Trouble is I think only maybe 50 percent of those on atv/utv are actually "hunters". The rest are out enjoying nature at 40 mph.


----------



## Hoopermat (Dec 17, 2010)

middlefork said:


> I have maps from the 1960's that show multilple roads on FS land that have since been closed. It is not really a new thing.
> I have an ATV and stay on designated roads and trails. And I agree you certainly have a a gripe in a wilderness area. But I think the most abuse comes on normal FS and BLM.
> And I hate to complain but if you have a dedicated road through private property you will see destruction on both sides of the road because of the mentality of " here hold my beer while I climb this hill".
> Trouble is I think only maybe 50 percent of those on atv/utv are actually "hunters". The rest are out enjoying nature at 40 mph.

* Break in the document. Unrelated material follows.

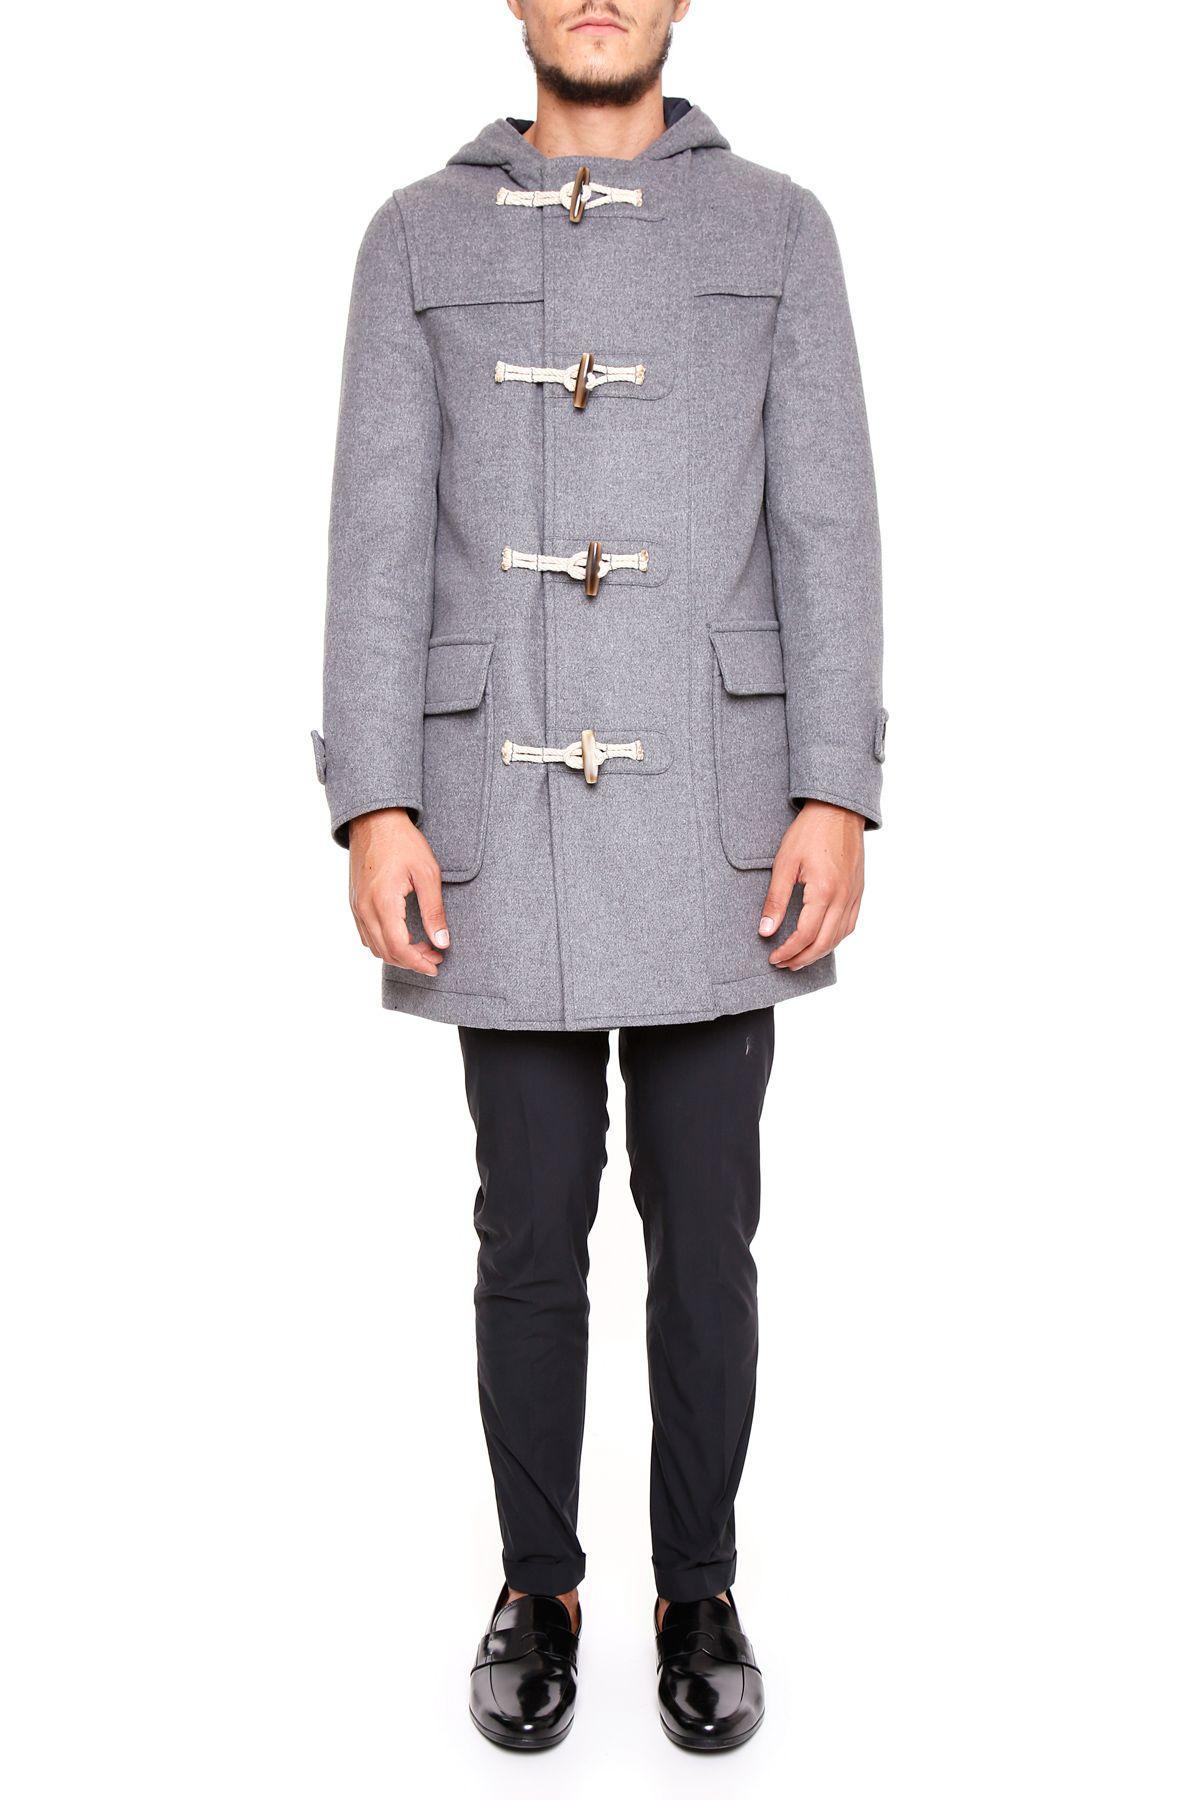 Rvr Lardini H321 Blue And Grey Sneaker In Leather And Technical Fabric In Grigiogrigio

Yep you can blame congress for that. 
By limiting the FS or BLM budget they cannot afford to maintain every road. So they have to close them out of lack of funds. 
Has been a tactic of a few Utah reps. 
But good news is the best hunting sign you will ever see is road closed


----------



## Vanilla (Dec 11, 2009)

Blame them for that? Or thank them for that? 

I’m confused...


----------



## Hoopermat (Dec 17, 2010)

Really depends on how you look at it. 
Good for foot soldiers 
Bad for lazy people
Good for politicians that want to get people behind them on land transfer using it as proof the government is locking them out of their lands. While cutting budgets in the background to fuel the fire.


----------



## Vanilla (Dec 11, 2009)

So I’m going with “thank.”

Utah is not hurting in the legal off-road trail system arena. Plenty of places to ride legally for everyone that wants to do it. Every ridge does not need and should not have a road on it.


----------



## KalebReese (Sep 5, 2016)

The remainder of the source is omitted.